The various parents and chaperones in the back glanced around and cleared their throats and they knew better than to subject themselves to the scornful criticism of children.
“I’ll do it!”
Judy, on the other hand, did not.
“Gonna tell them about the time you hung out with a friendly ghost, Carrots?”
“Pfft,” Judy rolled her eyes at Nick and bounced up from her seat on the floor. “I think I can tell when an audience needs something edgier, Nick.”
With a playful smirk, Nick snorted at her.
“What? You don’t think I’m up for it? Too ‘cute’ for you?”
“Not at all, Jude,” Nick shrugged, “Your mom showed me all your grade-school plays, remember? It’s just that without a ketchup bottle to do your little blood shtick I don’t think you can cut the mustard with this crowd.”
“Hah. Relish it while you can, pickle boy, because this bunny has a few more stories from back home that’ll make your fur crawl.”
Judy then proudly skipped her way to the front of the room, accepted the flashlight from the scoutmaster and turned it on herself. The shadow she projected onto the screen stretched out the silhouette of her angel costume and long ears, twisting them into the gnarled visage of a winged demon with pointy horns.
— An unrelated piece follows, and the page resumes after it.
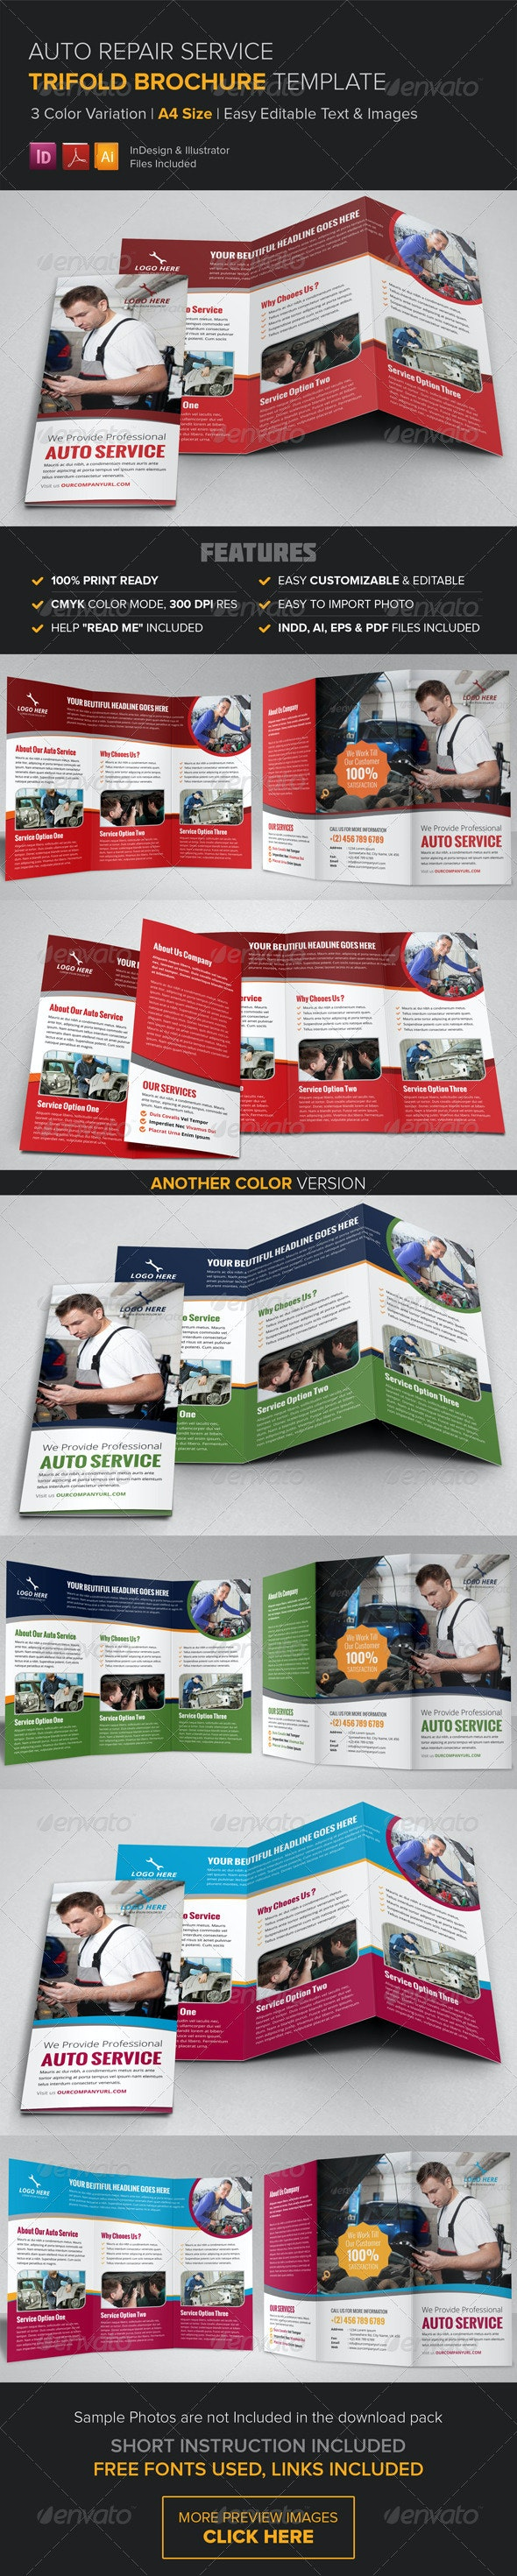 Auto Repair Service Trifold Brochure Template  - Corporate Brochures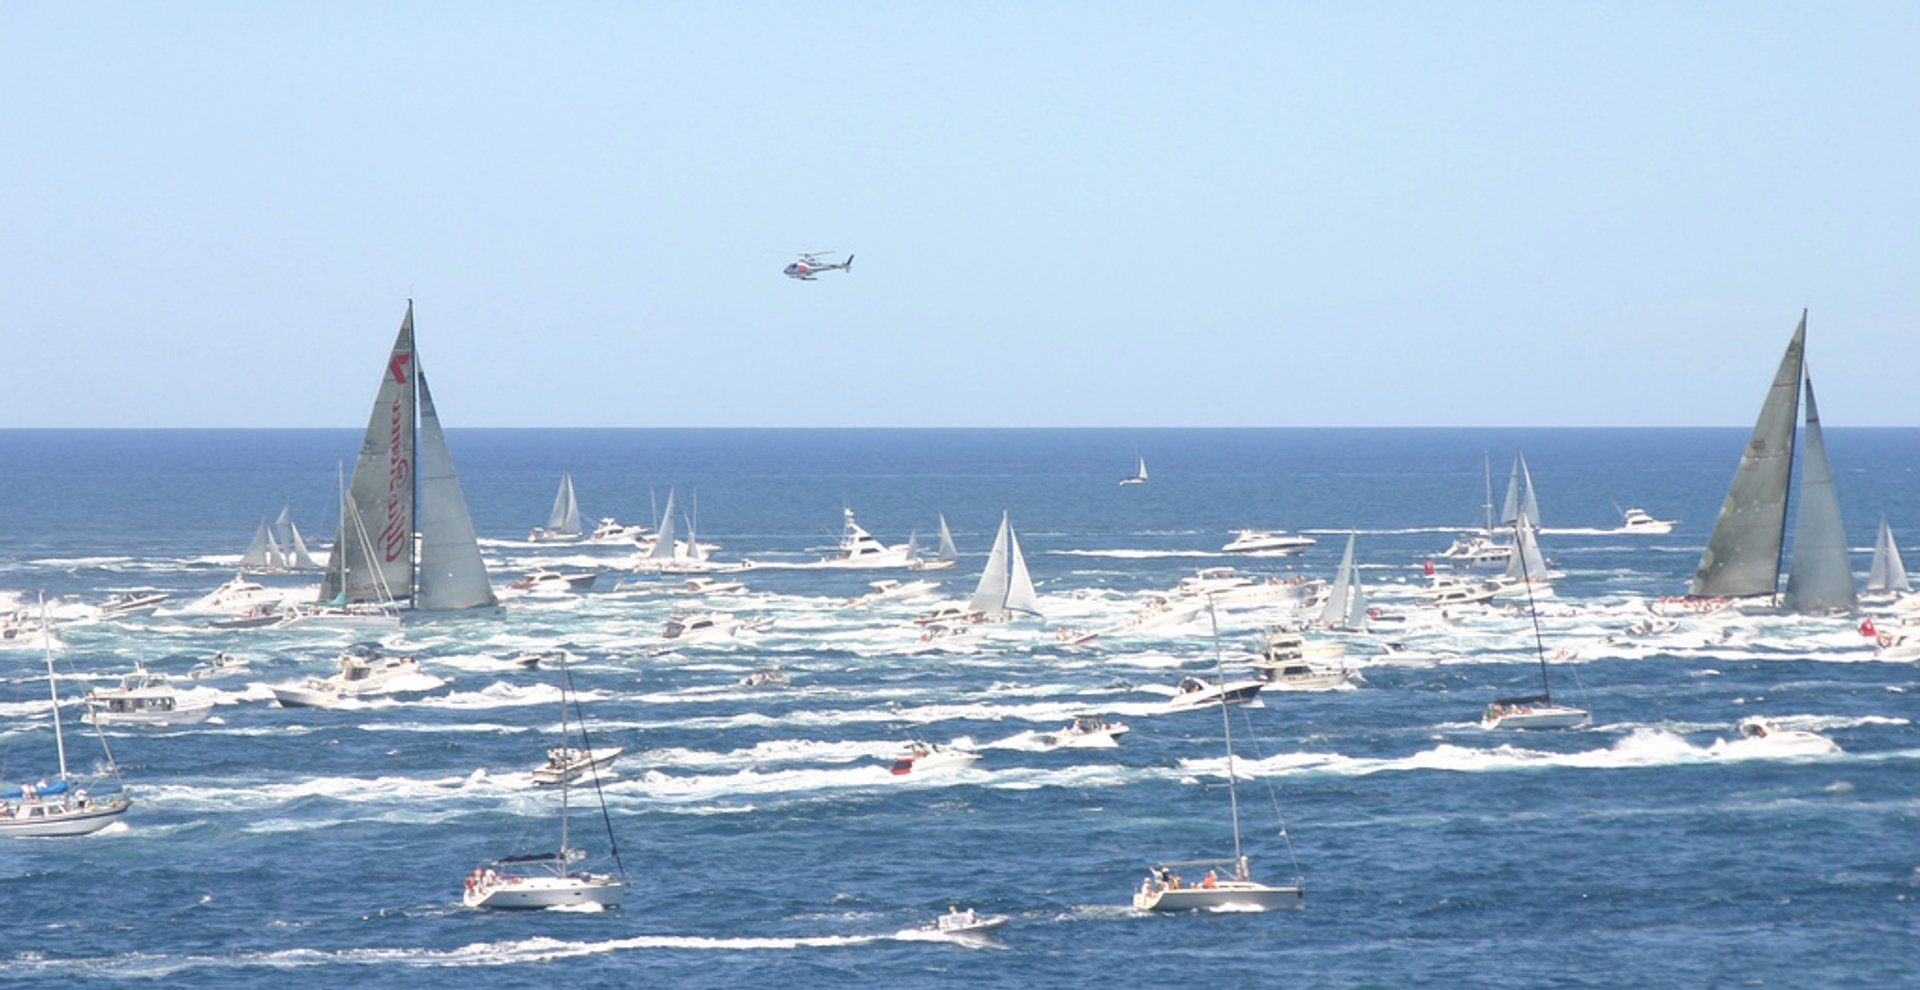 Sydney Hobart Yacht Race in Tasmania 2020 - Best Time

“Out in the country, you hear a lot of strange tales,” she said to the roomful of children in a somber voice. “Some of them are so strange that you can never tell if they’re true. And sometimes you can only hope that they’re not.”
Judy paused to draw out the same effect of anticipation that the scoutmaster employed at the start of his story, but it only undercut the mood she was setting as the light gleamed off of her lopsided incisors while she gleefully grinned at the room.
“This is one of those tales, which I like to call The Family Farm.”
As far as rabbits go in Bunnyburrow, Mr. Mills was one of the most unsuccessful farmers in the bunch.
He had inherited the farm from his father, as the land had been passed down from generation to generation. But while the past patriarchs of the Mills brood had each been pretty accomplished with the art of the plough, he could barely grow a patch of carrots that didn’t look like anything other than a pawful of sickly toothpicks.
His cauliflower came out like golf balls.
His corn was all ears and no cobs.
And only when he was lucky did he find peas in his pods.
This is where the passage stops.